Conv1d Layer: Processes the time series data with 1D convolution.
MaxPool1d Layer: Reduces the dimensionality and focuses on the most significant features.
Flatten Layer: Prepares data for the fully connected layers.
Fully Connected Layers: Learn higher-level representations and perform regression.

6.3 Training the Model

num_epochs = 10
model.train()

for epoch in range(num_epochs):
    running_loss = 0.0
    for inputs, targets in train_loader:
        optimizer.zero_grad()
        outputs = model(inputs)
        loss = criterion(outputs.squeeze(), targets)
        loss.backward()
        optimizer.step()
        running_loss += loss.item() * inputs.size(0)
    epoch_loss = running_loss / len(train_loader.dataset)
    print(f'Epoch {epoch+1}/{num_epochs}, Loss: {epoch_loss:.4f}')

6.4 Evaluating the Model

model.eval()
predictions = []
true_values = []

with torch.no_grad():
    for inputs, targets in test_loader:
        outputs = model(inputs)
        predictions.extend(outputs.squeeze().numpy())
        true_values.extend(targets.numpy())

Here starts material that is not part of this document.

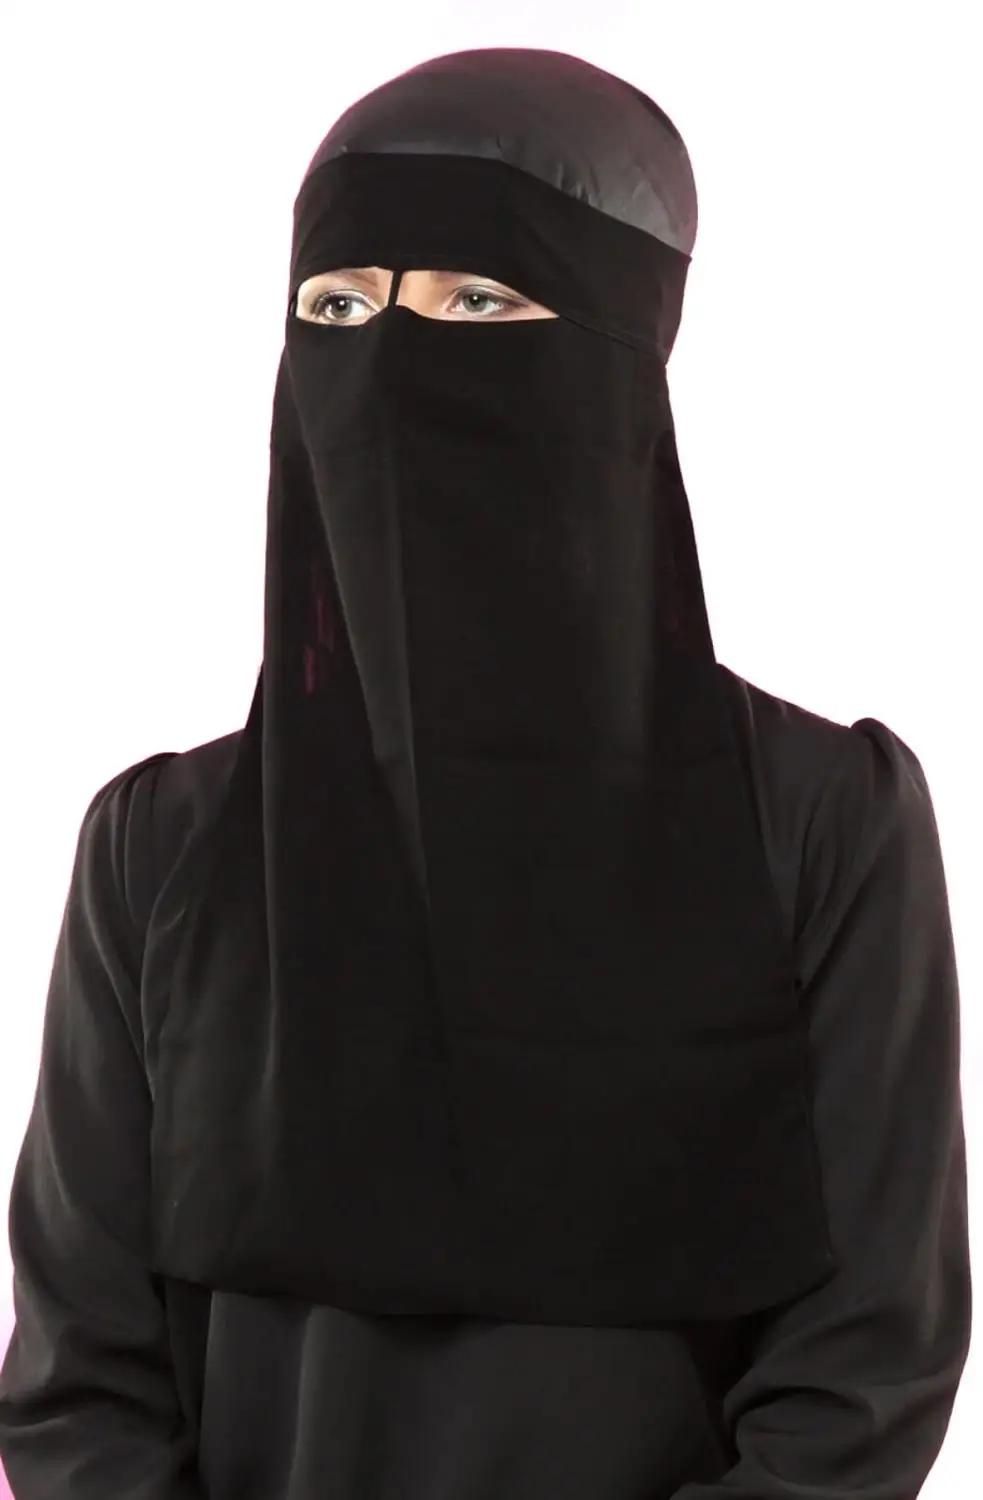 Muslim Bandana Scarf Islamic 1 2 3 layers Niqab Burqa Hijab Cap Veil Headwear Black Face Cover Abaya Style Wrap Head Covering

# Rescale predictions and true values
predictions_rescaled = target_scaler.inverse_transform(np.array(predictions).reshape(-1, 1))
y_true_rescaled = target_scaler.inverse_transform(np.array(true_values).reshape(-1, 1))

# Calculate evaluation metrics
mse = mean_squared_error(y_true_rescaled, predictions_rescaled)
mae = mean_absolute_error(y_true_rescaled, predictions_rescaled)
mape = mean_absolute_percentage_error(y_true_rescaled, predictions_rescaled)
epsilon = 1e-10
rmspe = np.sqrt(np.mean(np.square((y_true_rescaled - predictions_rescaled) / (y_true_rescaled + epsilon))))

print(f'MSE: {mse}')
print(f'MAE: {mae}')
print(f'MAPE: {mape}')
print(f'RMSPE: {rmspe}')

7. Best Practices and Final Thoughts

Here are some best practices for using CNNs in time series forecasting:

Preprocessing: Always normalize or standardize your data before feeding it into a CNN.
Data Splitting: Maintain the temporal order when splitting data; avoid shuffling for time series data.

Cross-Validation: Use time series cross-validation techniques like TimeSeriesSplit to get a more reliable estimate of model performance.

from sklearn.model_selection import TimeSeriesSplit

tscv = TimeSeriesSplit(n_splits=5)
for train_index, test_index in tscv.split(x):
    x_train_cv, x_test_cv = x[train_index], x[test_index]
    y_train_cv, y_test_cv = y[train_index], y[test_index]
    # Train and evaluate your model

Hyperparameter Tuning: Tuning the architecture of the CNN, such as the number of filters, kernel size, and pooling strategy, is essential for optimizing performance.
Regularization Techniques: Apply dropout layers and L2 regularization to prevent overfitting.
```
# Adding Dropout layer in TensorFlow model
tf.keras.layers.Dropout(0.2)
```

Early Stopping: Use early stopping during training to prevent overfitting.

early_stopping = tf.keras.callbacks.EarlyStopping(monitor='val_loss', patience=5)
model.fit(x_train, y_train, epochs=50, validation_data=(x_test, y_test), callbacks=[early_stopping])

Monitor Metrics: Include evaluation metrics like MAE and MAPE in model.compile to monitor them during training.

8. Conclusion

CNNs offer a powerful and efficient alternative to traditional RNNs and LSTMs for time series forecasting, especially when local patterns in the data are important. They are computationally less expensive and can capture both short- and medium-term dependencies. However, for tasks where long-term dependencies are critical, RNNs and LSTMs may still have the edge due to their ability to maintain state across time steps.

In practice, the choice of model will depend on the specific characteristics of your dataset and the problem you’re solving. CNNs are well-suited for applications where quick feature extraction from sequences is needed, while LSTMs and RNNs excel in handling complex temporal dependencies.

Experimenting with different architectures, tuning hyperparameters, and applying proper regularization will yield the best results, ensuring that your model generalizes well to unseen data. The use of cross-validation and more advanced evaluation metrics will also provide a clearer picture of your model’s performance, helping you make informed decisions about its deployment.